Jerrica Mark and Bryan Peck in Karen Stokes’ Sunset at White Oak Bayou.
Photos Courtesy of Karen Stokes Dance.
“My dad was a history professor at Rice University — an amazing man and my personal hero. I have been surrounded by history and dance my whole life,” said Stokes, artistic director of the six-member Karen Stokes Dance.
October 18’s Sunset at White Oak Bayou is a free-admission, site-specific work, and the third installment of Stokes’ DEEP: Seaspace series. It’ll take place on the north side of Allen’s Landing along White Oak Bayou, where audience members can sit picnic-style on blankets and in lawn chairs.
“Sunset at White Oak Bayou takes my interest in the site and merges it with my dance work. I think it is cool to try to engage audience members via an abstract form — dance — with the surroundings we live in — Houston,” she explained.
The location peaked her interest when she dug into the history of Houston and discovered the city was actually founded on the creation of a myth, or “entrepreneurial exaggeration,” as Stokes calls it. The Allen brothers marketed the area as a thriving port city “having an abundance of excellent spring water and enjoying the sea breeze in all its freshness…It is handsome and beautifully elevated, salubrious and well-watered.” These descriptions enticed settlers to come, and the rest is history; now, Houston is the fourth largest city in the U.S.
Sunset at White Oak Bayou marks the first time Stokes has collaborated with Brad Sayles on an original composition: “Brad and I worked together in a totally new way,” said Stokes. “He asked me for a timeline of what I wanted, and so I scored the work, almost like a film — three minutes of fanfare to open, five minutes of driving, work-force energy, etc. Brad created an amazing score, using some elements from a previous symphonic work he created…I wanted brass because I envisioned the environment to be free of technological elements; no amplification with natural lights. And so I thought brass instruments might work.”

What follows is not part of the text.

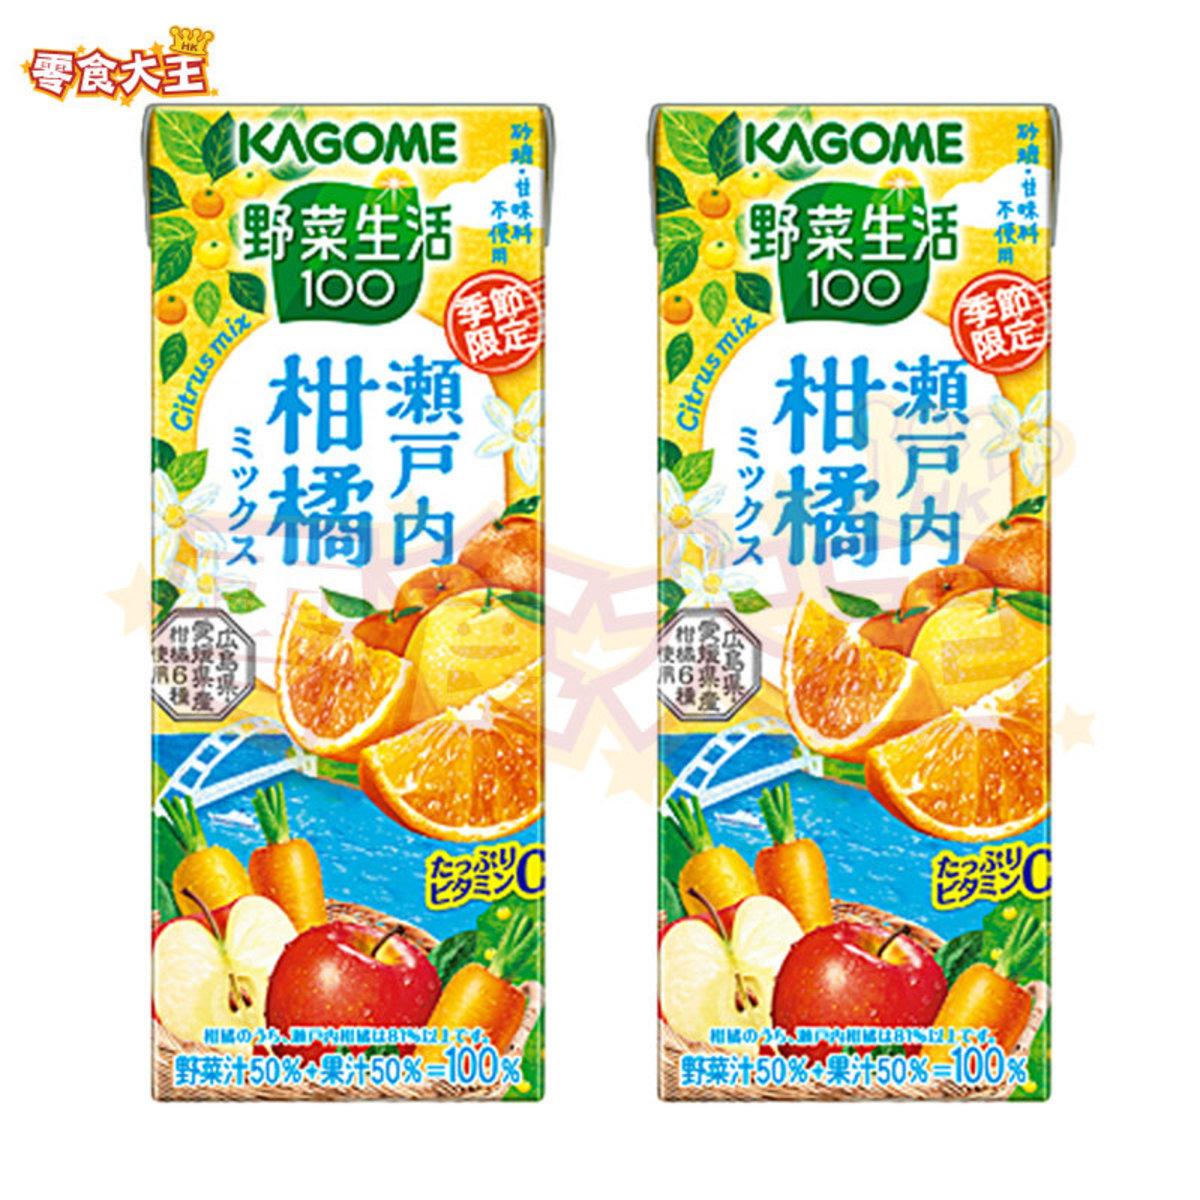 Kagome 100 瀨戶內柑橘野菜混合果汁0ml X 2盒 季節限定 2 香港電視hktvmall 網上購物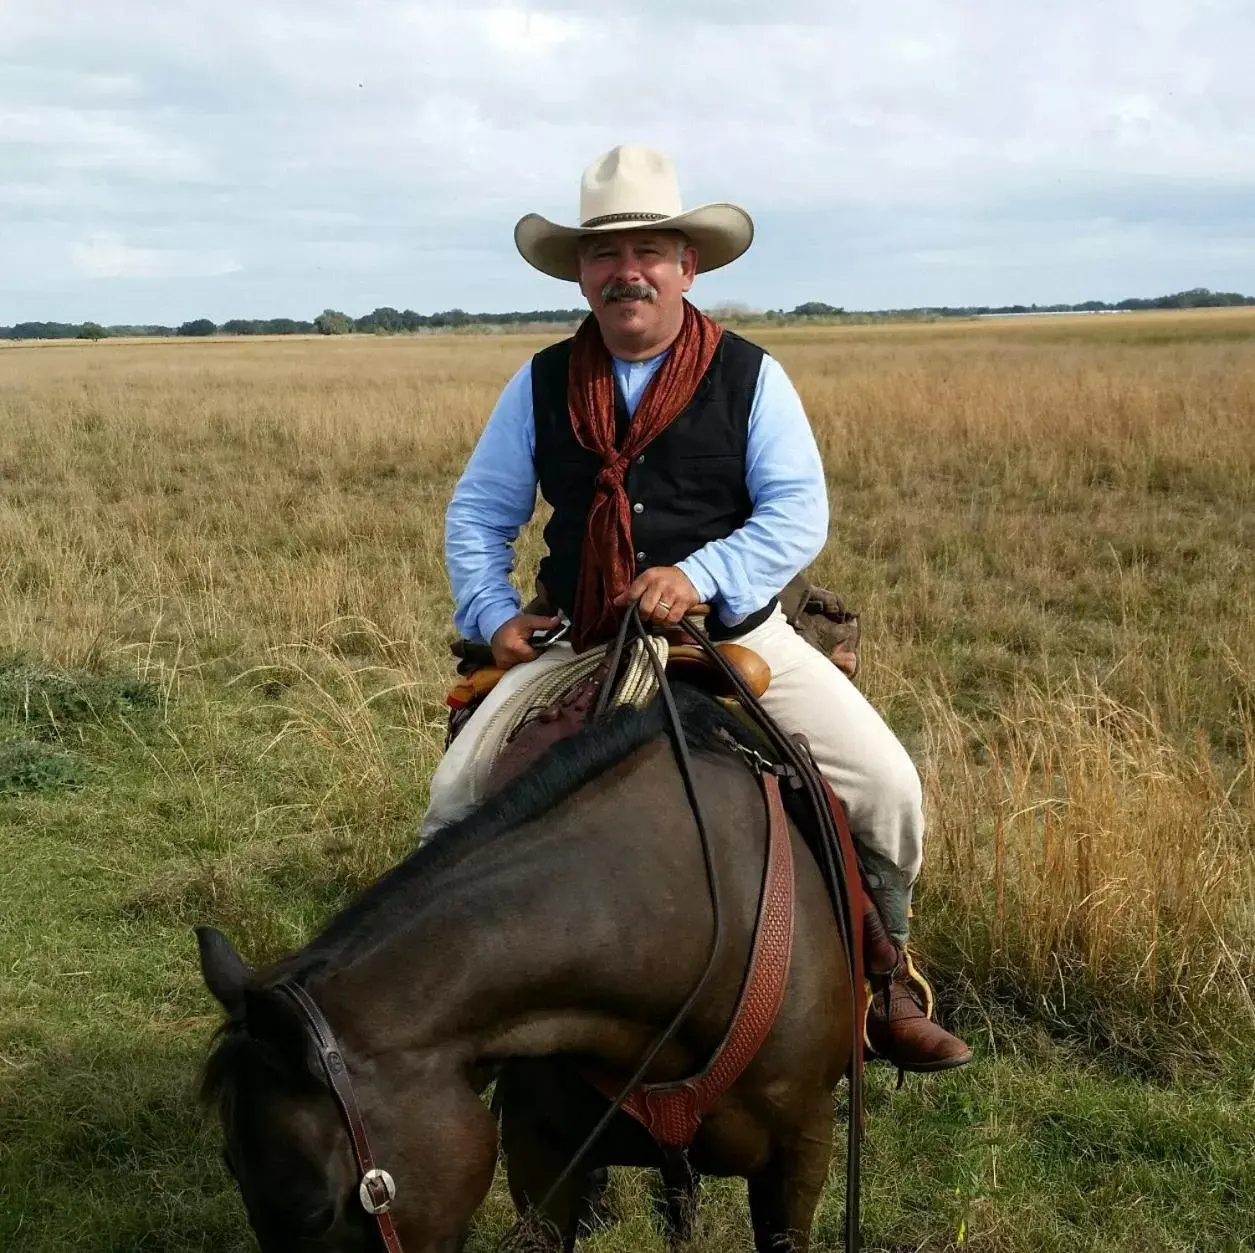 Off site, Horseback Riding in Seminole Inn

Because the performance site allows the company a large space to explore, Stokes decided just six dancers wasn’t going to be enough, so she brought 10 University of Houston dance students into the mix: “We received an Innovation Grant from the Cynthia Woods Mitchell Center for the Arts for the project, and this provided an opportunity to connect my professional job with my academic job, including incorporating students into my professional creative process,” said Stokes.
February 2-4, 2016 marks the 10th anniversary of another Karen Stokes Dance series, Framing Dance: A Discovery Series, at the Hobby Center for the Performing Arts, which brings live music, dance and theater to thousands of Houston schoolchildren annually for free.
“For many, this is their first time coming to a downtown theater,” said Stokes. “Many of the students are from economically disadvantaged areas of Houston. The series is regularly fully booked, with 3,000 students coming to a performance event.”
And it’s no small feat that Karen Stokes Dance is celebrating the 10th anniversary of the series this February: “To be able to do any particular show or event for 10 seasons is a strange and wonderful milestone for any modern dance company. We rarely get the opportunity to perform works more than once, which contributes to the ephemerality of the art form,” noted Stokes.